Я отражался в сонных окнах,
приглядывался, страх тая,
и отворачивался, охнув:
неправда! Я или не я?

И словно с жалобой
к растеньям
бросался, заслоняясь плечом:
я был спокоен, он растерян,
я был уверен, он ни в чем.

Пусть убирается подальше.
Я - смех, а он - таимый плач.
Он говорит, что все удачи
мои печальней неудач.

Он мебель в доме переставил
И усмехнувшись: ну и как? -
перечитать меня заставил
мои же книги, но не так…

А я не знаю имитаций.
Я честный, чистый, голубой.
Я не хочу, как лист метаться.
Я слышу почву под собой…
О чем идет речь в этом фрагменте? В 1961 году семью Владимира Соколова постигла непоправимая беда: покончила с собой, выбросившись из окна, Хенриэтта Попова. Она оставила сиротами двоих детей - Андрея и Снежану, которых взяли на воспитание мать поэта и его сестра. Разом рухнула налаженная, размеренная, благополучная жизнь. Марина Соколова вспоминает, что в те страшные дни ее брат был в ужасном состоянии - физическом (на грани инфаркта) и психическом. Помимо всего, против него ополчились КГБ и верхушка союза писателей, тесно связанная с этой организацией. Владимира Соколова пытались упрятать в психиатрическую больницу - у подъезда его дома дежурили одновременно "люди в штатском" и санитары "желтого дома". Только после обращения в болгарское посольство, после звонка из ЦК компартии Болгарии в ЦК КПСС удалось остановить эту травлю. Видимо, не имея душевных сил оставаться дома, поэт начал скитаться по чужим углам. На какое-то время он нашел приют и относительный душевный покой на даче Майи Луговской - вдовы известного поэта Владимира Луговского.
Выкарабкивался Владимир Соколов трудно и долго.

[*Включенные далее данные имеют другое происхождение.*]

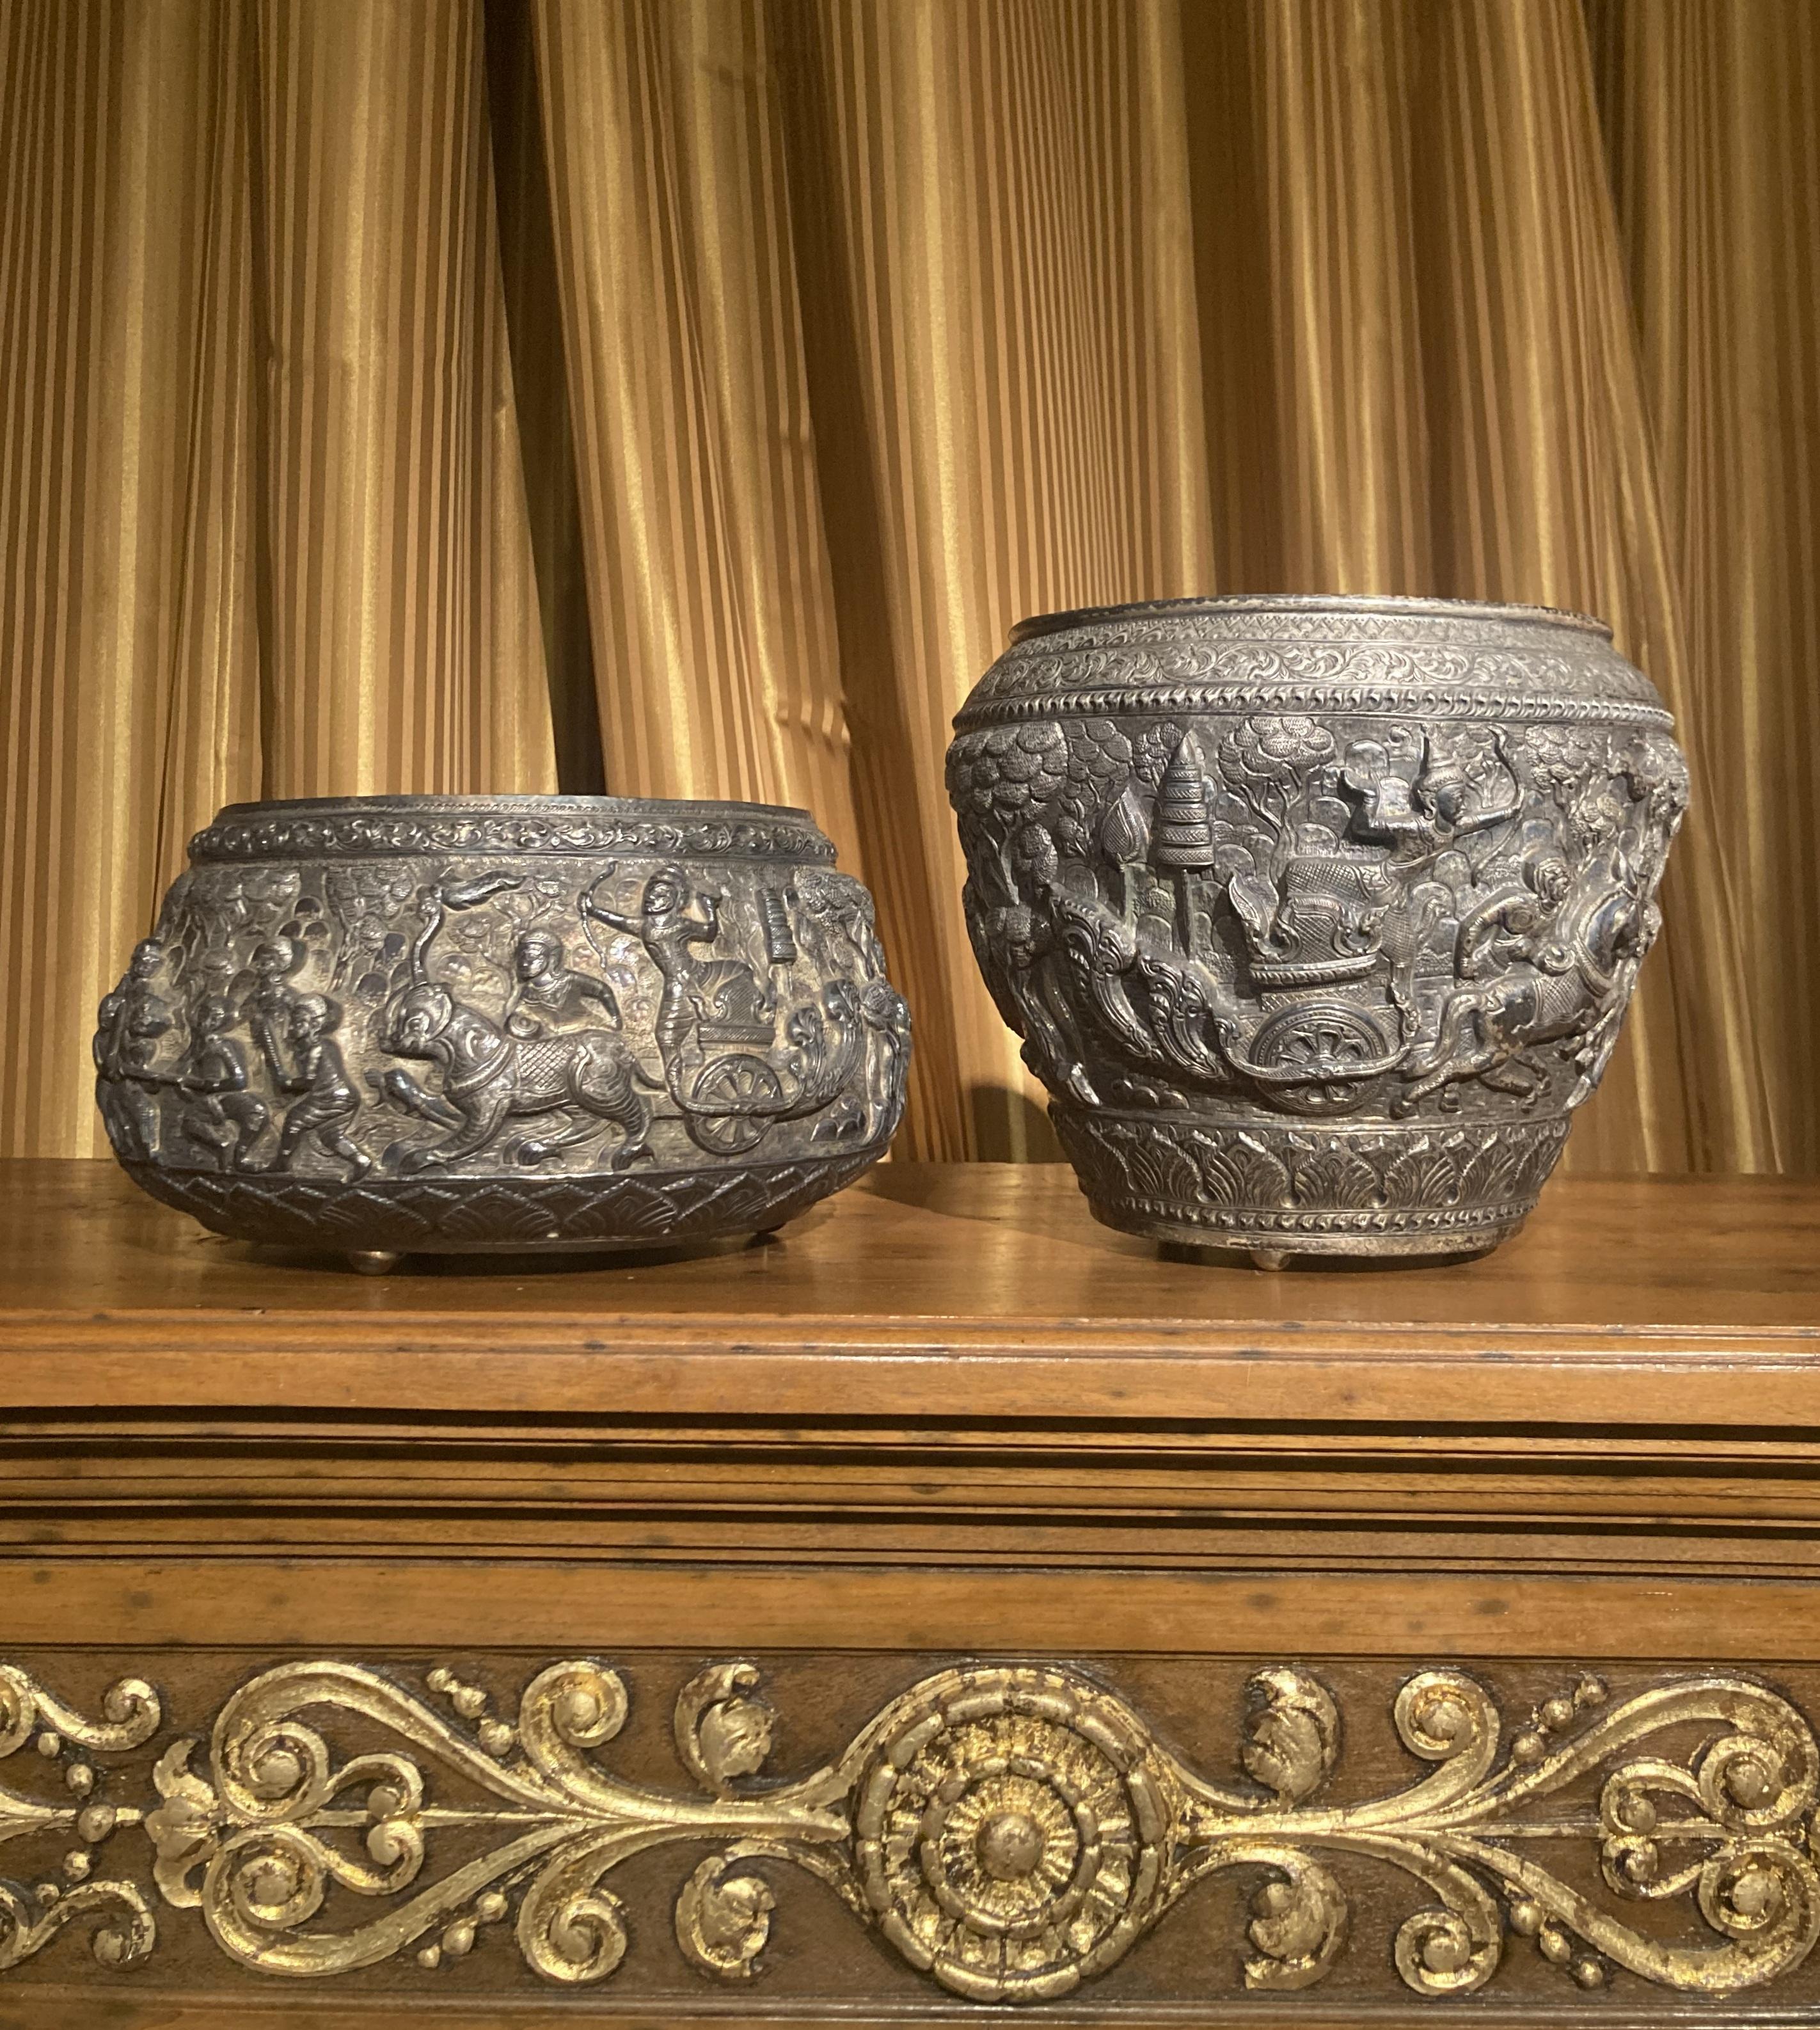 This is a sensational pair of 19th century antique Burmese silver repousse Thabeik bowls, both richly decorated in the round in high relief depicting different traditional scenes from the Burmese mythology and history, showing very detailed figures,

Но, даже вернувшись к повседневной действительности, он уже не был, не мог быть прежним молодым и жизнерадостным человеком:

Я позабыл сестру и мать,
я позабыл отца и брата
(как это надо понимать?
Семья ни в чем не виновата.)

Я бросил все, что произвел
на свет - от слова и до слова.
Я бросил дом на произвол
круговращения земного.

Я разучился ревновать
подругу к Саше или Пете.
Я разучился рифмовать,
хоть легче дела нет на свете.

Я научился не звонить
к друзьям, редакциям, покуда
не разузнаю, как свалить
с плеча и сердца это чудо,

неубывающий мой груз
(мечту сживающий со света),
получужую эту грусть,
полусвое сомненье это.

Не понимаю, как тут быть,
на лавры их ничуть не зарясь,
я научился водку пить
отпетым пьяницам на зависть.

И все оглядываться вспять,
и в числах путаться искомых,
и на чужих диванах спать
в полудомах полузнакомых.

Ведь суть не столь в чужом письме,
что переслать бы надо с миром,
а в той надорванной тесьме,
что сердце связывала с миром…
Многие, знавшие поэта в те годы, утверждают в своих воспоминаниях, что он не просто утратил интерес к собственной жизни, забросив и запустив ее, - он едва ли не сознательно двигался к самоуничтожению. Всю зиму Соколов ходил в рваной одежде и дырявой обуви, не считая нужным купить новую, - постоянно простужался, болел, но не желал лечиться. Извечный недуг русских поэтов (да собственно, почему только русских?) не обошел его стороной, а вернее, безраздельно им завладел - стихи все-таки печатались, гонорары были немалые, но в советских полупустых магазинах сравнительно легко можно было достать только коньяк и водку. Начинался замкнутый круг, выхода из которого не было.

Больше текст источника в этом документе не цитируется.